Machine learning algorithms could construct first images of black holes

Researchers from MIT’s Computer Science and Artificial Intelligence Laboratory and Harvard University have developed a new algorithm that could help astronomers produce the first image of a black hole.

The algorithm would stitch together data collected from radio telescopes scattered around the globe, under the auspices of an international collaboration called the Event Horizon Telescope. The project seeks, essentially, to turn the entire planet into a large radio telescope dish.

“Radio wavelengths come with a lot of advantages,” says Katie Bouman, an MIT graduate student in electrical engineering and computer science, who led the development of the new algorithm. “Just like how radio frequencies will go through walls, they pierce through galactic dust. We would never be able to see into the center of our galaxy in visible wavelengths because there’s too much stuff in between.”

Radio waves also require large antenna dishes, because of their long wavelengths. The largest single radio-telescope dish in the world has a diameter of 1,000 feet, but an image it produced of the moon, for example, would be blurrier than the image seen through an ordinary backyard optical telescope.

“A black hole is very, very far away and very compact,” Ms. Bouman says. “It’s equivalent to taking an image of a grapefruit on the moon, but with a radio telescope. To image something this small means that we would need a telescope with a 10,000-kilometer diameter, which is not practical, because the diameter of the Earth is not even 13,000 kilometers.”

The solution adopted by the Event Horizon Telescope project is to coordinate measurements performed by radio telescopes at widely divergent locations. Currently, six observatories have signed up to join the project, but even twice that many telescopes would leave large gaps in the data as they approximate a 10,000-kilometer-wide antenna. The algorithm helps fill the gaps.

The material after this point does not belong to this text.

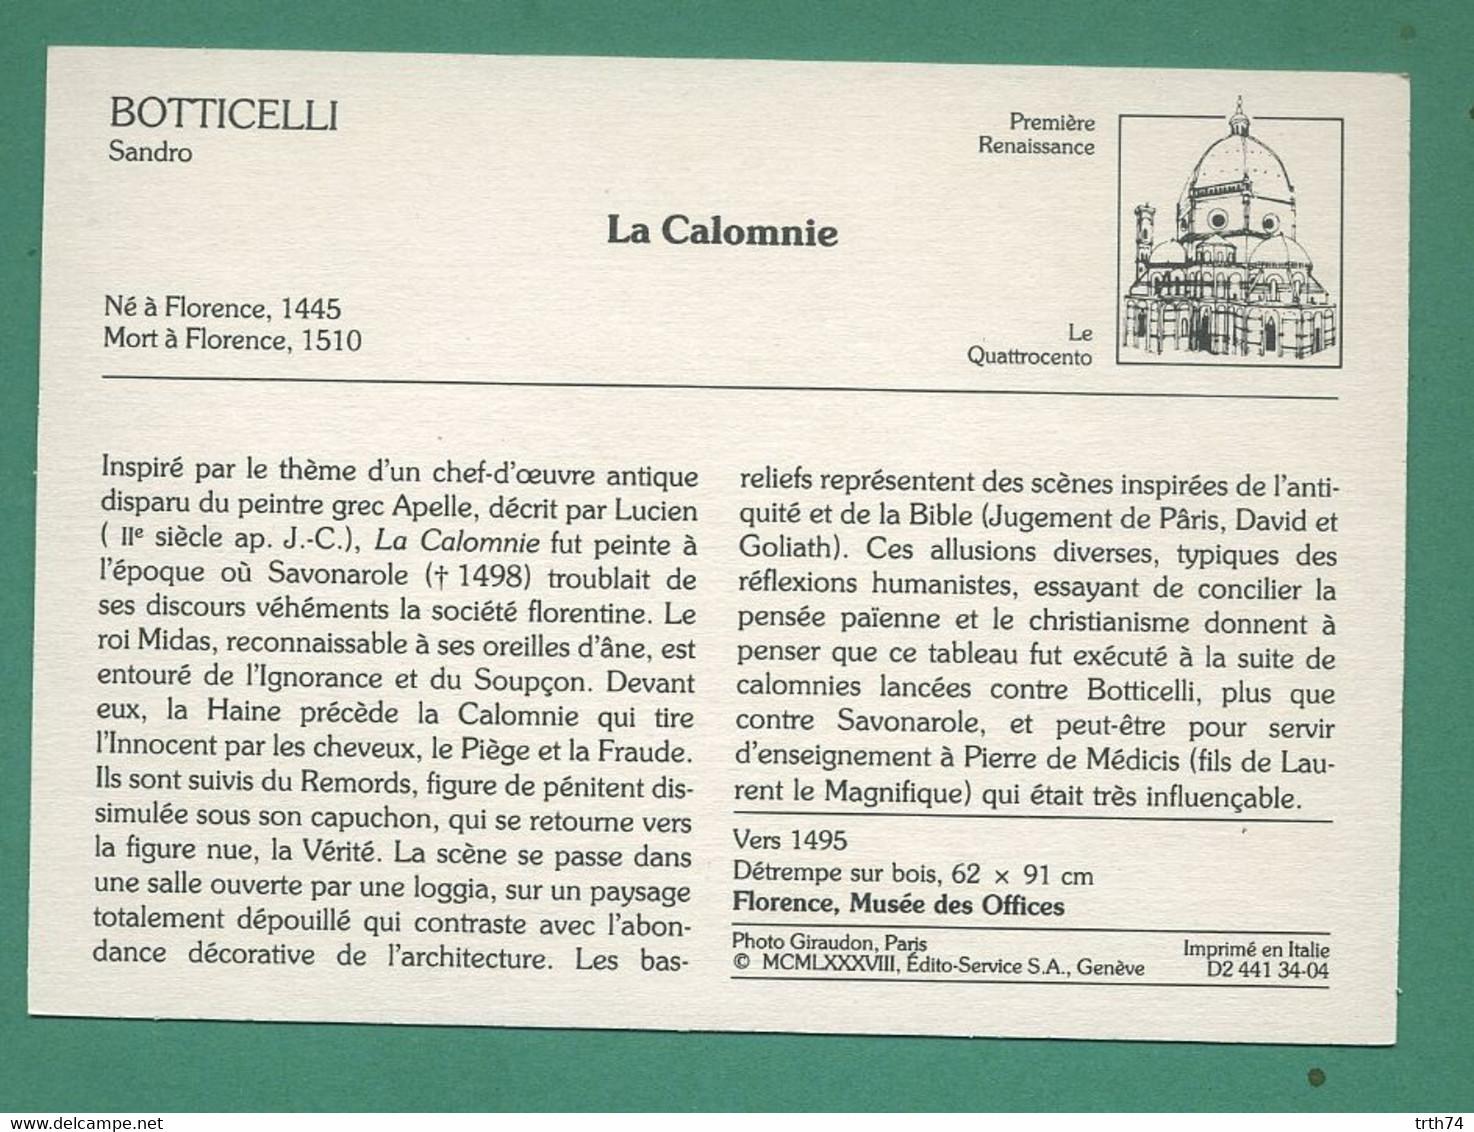 Botticelli Sandro La Calomnie ( Décoration Coquillage, Shell ) - Unclassified

Ms. Bouman used a machine-learning algorithm to identify visual patterns that tend to recur in 64-pixel patches of real-world images, and she used those features to further refine her algorithm’s image reconstructions. She will present her new algorithm — which she calls CHIRP, for Continuous High-resolution Image Reconstruction using Patch priors — at the Computer Vision and Pattern Recognition conference in June.